New deck at cut

[iCountNTrack]

I apologize, I may have formulated the problem incorrectly. What I meant to ask is:
What is the probability of getting 2 or more consecutive heads in 4 tosses of a fair coin (p = 0.5)?
I'm just trying to see what value the iCNT code returns.

Sincerely,
Cac

So my code returns 0.0625 which is blatantly incorrect as the correct number is 0.3125 if we do exactly 2 consecutive heads or 0.5 if we do 2 or more consecutive heads (3 or 4 in this case). My code is an adaptation of de Moivre formula which works fairly well when the number of trials increases but fails for small number of trials.

I have of course looked at brute force combinatorial analysis but while the code is fairly simple, the calculation quickly becomes intractable as the number of trials increases because for n trials you have 2^n possible permutations, so you can kiss solving 7000 rounds (2^7000) good bye .

I was able to implement a fairly easy sim that reproduces the values. Below is the implementation in VBA if you want to test it in Excel. @Norm please dont hate me for using the built-in RNG

Code:

Sub TestMe()
    Debug.Print ProbabilityOfStreak(2, 0.5, 4, 100000, True)
End Sub

Function ProbabilityOfStreak(l As Long, p As Double, n As Long, simulations As Long, allowLonger As Boolean) As Double
    Dim streakCount As Long
    Dim currentStreak As Long
    Dim i As Long
    Dim j As Long
    Dim successfulSimulations As Long
    
    successfulSimulations = 0
    
    ' Seed the random number generator
    Randomize
    
    ' Randomly generate each trial and count the number of successful simulations with exactly one streak of length l
    For i = 1 To simulations
        currentStreak = 0
        streakCount = 0
        For j = 1 To n
            If Rnd() < p Then
                ' Increment streak if the event occurs
                currentStreak = currentStreak + 1
            Else
                ' Check if the streak ended and was exactly length l or longer based on allowLonger flag
                If (allowLonger And currentStreak >= l) Or (Not allowLonger And currentStreak = l) Then
                    streakCount = streakCount + 1
                End If
                currentStreak = 0
            End If
        Next j
        ' Check streak at the end of the trials
        If (allowLonger And currentStreak >= l) Or (Not allowLonger And currentStreak = l) Then
            streakCount = streakCount + 1
        End If
        
        ' Check if exactly one streak of length l occurred
        If streakCount = 1 Then
            successfulSimulations = successfulSimulations + 1
        End If
    Next i
    
    ' Calculate probability based on sim results
    ProbabilityOfStreak = successfulSimulations / simulations
End Function

[Cacarulo]

So my code returns 0.0625 which is blatantly incorrect as the correct number is 0.3125 if we do exactly 2 consecutive heads or 0.5 if we do 2 or more consecutive heads (3 or 4 in this case). My code is an adaptation of de Moivre formula which works fairly well when the number of trials increases but fails for small number of trials.
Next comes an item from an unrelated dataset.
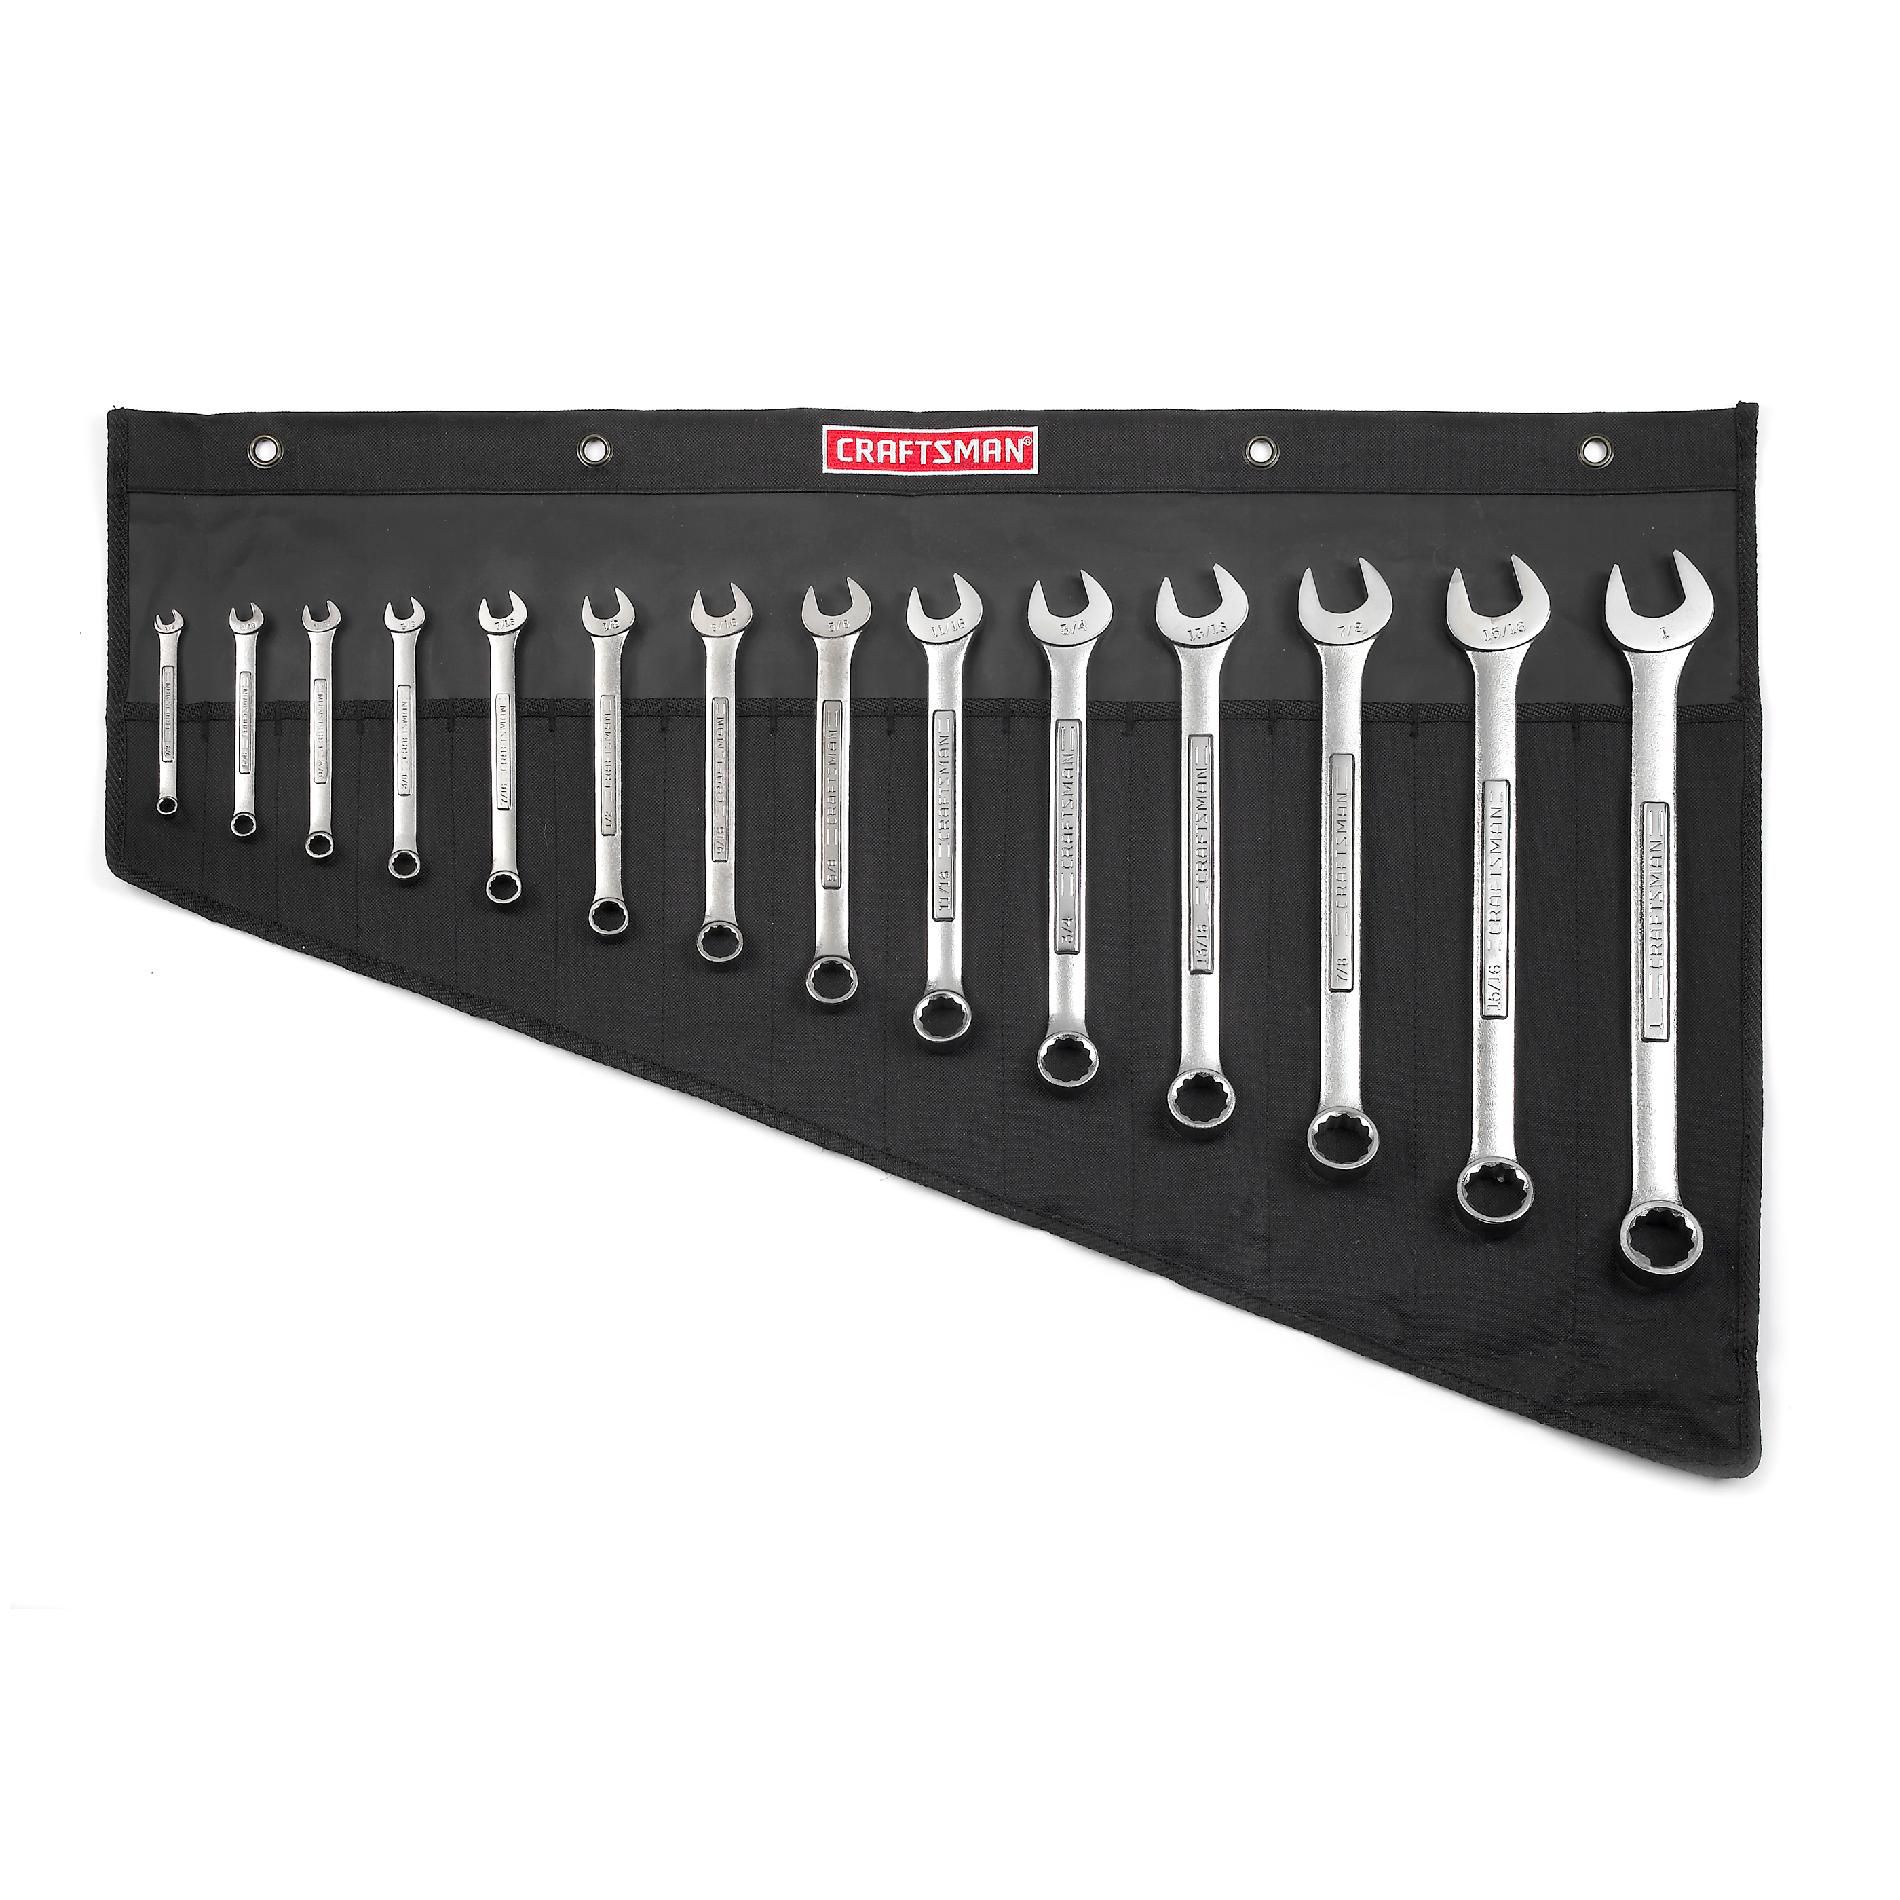 Craftsman 14 piece Inch Combination Wrench Set with Pouch

I have of course looked at brute force combinatorial analysis but while the code is fairly simple, the calculation quickly becomes intractable as the number of trials increases because for n trials you have 2^n possible permutations, so you can kiss solving 7000 rounds (2^7000) good bye .
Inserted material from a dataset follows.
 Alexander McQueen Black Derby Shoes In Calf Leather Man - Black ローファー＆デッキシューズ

I was able to implement a fairly easy sim that reproduces the values. Below is the implementation in VBA if you want to test it in Excel. @Norm please dont hate me for using the built-in RNG

Code:

Sub TestMe()
    Debug.Print ProbabilityOfStreak(2, 0.5, 4, 100000, True)
End Sub

Function ProbabilityOfStreak(l As Long, p As Double, n As Long, simulations As Long, allowLonger As Boolean) As Double
    Dim streakCount As Long
    Dim currentStreak As Long
    Dim i As Long
    Dim j As Long
    Dim successfulSimulations As Long
    
    successfulSimulations = 0
    
    ' Seed the random number generator
    Randomize
    
    ' Randomly generate each trial and count the number of successful simulations with exactly one streak of length l
    For i = 1 To simulations
        currentStreak = 0
        streakCount = 0
        For j = 1 To n
            If Rnd() < p Then
                ' Increment streak if the event occurs
                currentStreak = currentStreak + 1
            Else
                ' Check if the streak ended and was exactly length l or longer based on allowLonger flag
                If (allowLonger And currentStreak >= l) Or (Not allowLonger And currentStreak = l) Then
                    streakCount = streakCount + 1
                End If
                currentStreak = 0
            End If
        Next j
        ' Check streak at the end of the trials
        If (allowLonger And currentStreak >= l) Or (Not allowLonger And currentStreak = l) Then
            streakCount = streakCount + 1
        End If
        
        ' Check if exactly one streak of length l occurred
        If streakCount = 1 Then
            successfulSimulations = successfulSimulations + 1
        End If
    Next i
    
    ' Calculate probability based on sim results
    ProbabilityOfStreak = successfulSimulations / simulations
End Function

Exactly, that's why using combinatorial analysis is not advisable in this type of problems. Not to mention the use of factorials.
A long simulation is much more reliable. Let me give you an example of why combinatorial analysis fails.
Suppose we want to calculate C (1000, 30). The following are 3 values obtained by different routines:
The first one corresponds to the code you posted above (binomialCoefficient).
The next two correspond to two routines of mine.
The correct one is none of the 3.

BC1 = 6427395792647100880
BC2 = 2429608192173745103000302810053683821765033166213128126464
BC3 = 2429608192173745103170443993514153053496720469929012232192

Here is the correct value:

BC4 = 24296081921737451032703898385767507193022226061986 31438800

Your 0.0625 is correct for 4 consecutive heads in 4 tosses. There might be a bug somewhere. Maybe by fixing that, the program will work for these simpler cases.

Sincerely,
Cac